I am making changes to the isolation work selected this cycle as well as a few of the core movements. Diversity in the isolation work with a focus on big core movements is the plan.

Exercises chosen: The * denotes core movements that will be maintained for the entire program. The remaining lifts will be cycled out as the meso-cycles progress.
***** A Split *****
* Bench Press
EZ bar pullover (Bent arm for chest)
* T-Bar Row
One Arm Lat Pull
* Squat
Step-up
Two leg curl
* Military Press
Incline Back Fly
* Standing Row
* EZ-Bar Overhead Tricep Extension
* Dumbell Concentration Curl
Reverse Wrist Curl
* Weighted Situp

***** B Split *****
* Dumbell Bench Press
Decline Bench Press
* Lat Pull
Dumbell Row
* Sumo Deadlift
Sissy Squat
One leg curl
* Dumbell Press
Side Shoulder Raise
* Dumbell Shrug
* Lying Dumbell Tricep Extension
* EZ-Bar Curl
Standing Barbell Forearm Curl
* Cable Crunch


Special notes:

Weighted situps are being done over a bench to allow for hyperextension during the movement.

Dumbell shrugs are being performed with a forward roll of the shoulders at the peak contraction instead of straight up and down. This tends to increase the time of the contraction and adds a little antagonistic work for the traps as the upper chest contracts to roll the weight forward while the traps are under load.

Switching to Sumo Deadlifts to place a little more work on the inner thigh area.

Working the hamstrings a little more directly this time around to assist the posterior chain for deadlifts and squats.

Adding some overhead tricep work to target the medial tricep head. The inner and outer head made good progress last cycle but the medial head suffered a little until the weights went up.

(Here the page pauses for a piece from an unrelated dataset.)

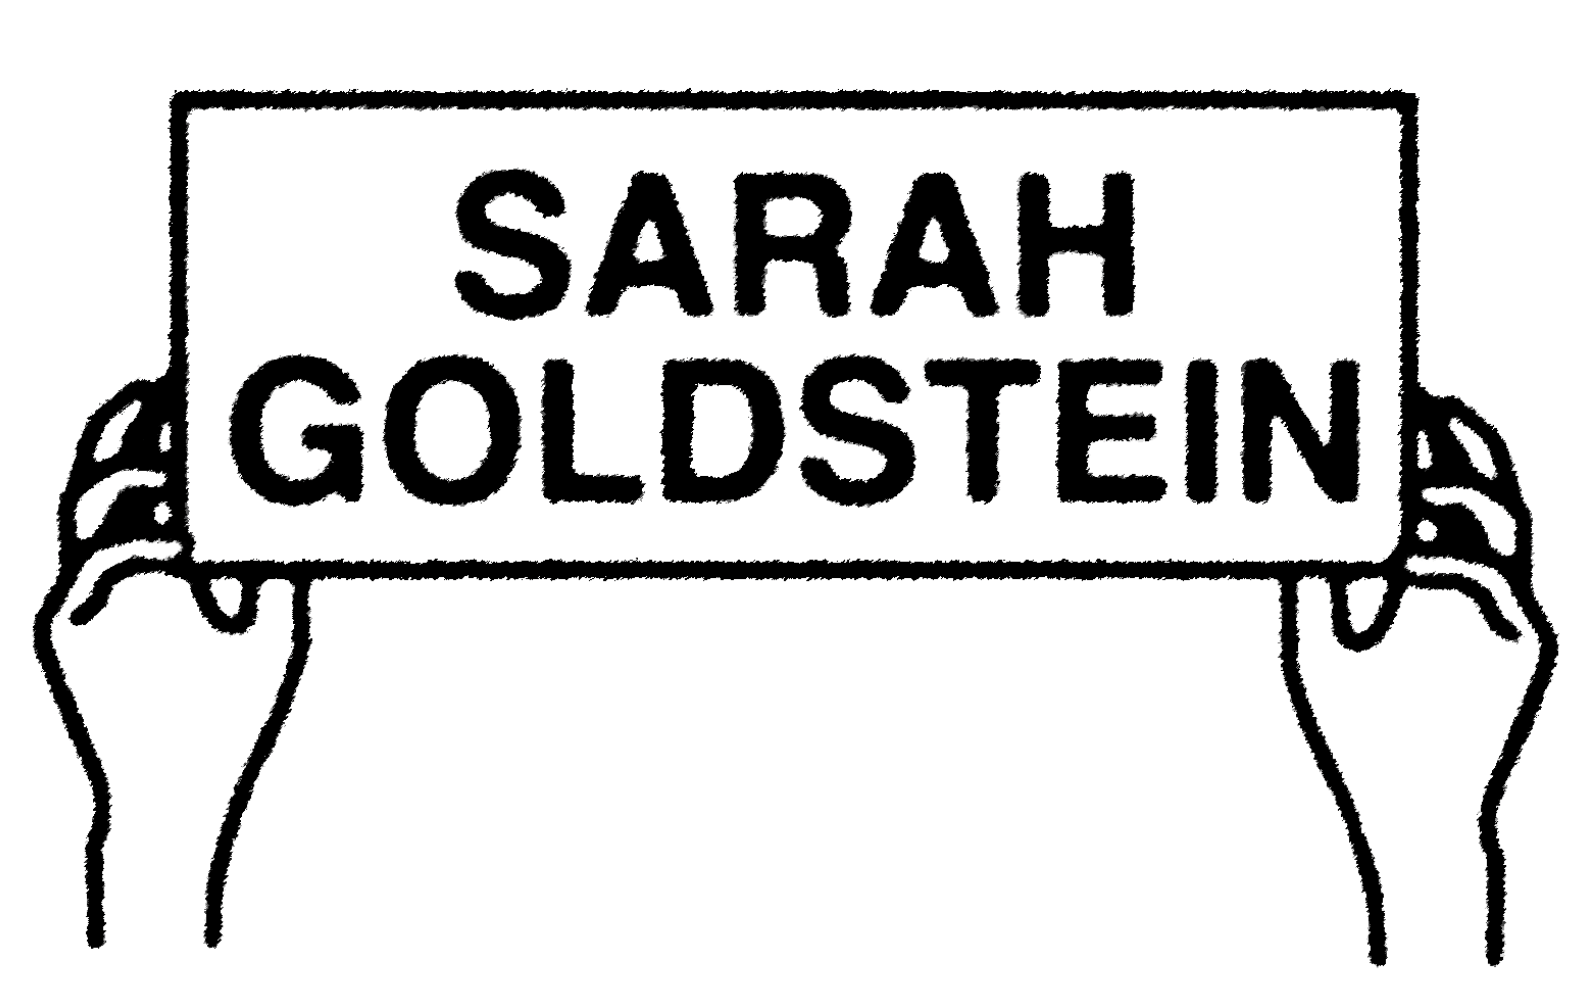 Sarah Goldstein

T-Bar Rows are a favorite of my partner. The hand position tends to force the elbows in a bit from a barbell row. I expect the see more lower lat activation as a result and less rhomboids.
 
Starting weight: 327# (I expect to lose a few pounds over the SD. I have stopped eating at surplus at this point)

Starting measurements:

Neck - 20.25"
Upper Arm - 20.25"
Forearm - 15"
Chest - 60"
Waist - 47
Upper Thigh - 30.5"
Calf - 21"
 
Finished a 10 day SD and both my partner and I have been anxious to get back to work. We will be having a light week this week to ease back into the work. I will be hosting a Halloween party on Friday so we opted for the slow start. We will start the cycle officially on next Monday.
 
Monday - Pre-Cycle

Pullover - 80# 1 X 15
Facepull - 80# 1 X 15
Sumo Squat - 225# 1 X 15
Reverse Shrug - 185# 1 X 15
Tricep Kickout - 30# 1 X 15
Weighted Crunch 25# 1 X 15

Notes: Nothing taxing today. Just easing back into it to workout any kinks. Will add some additional movements in for Wednesday.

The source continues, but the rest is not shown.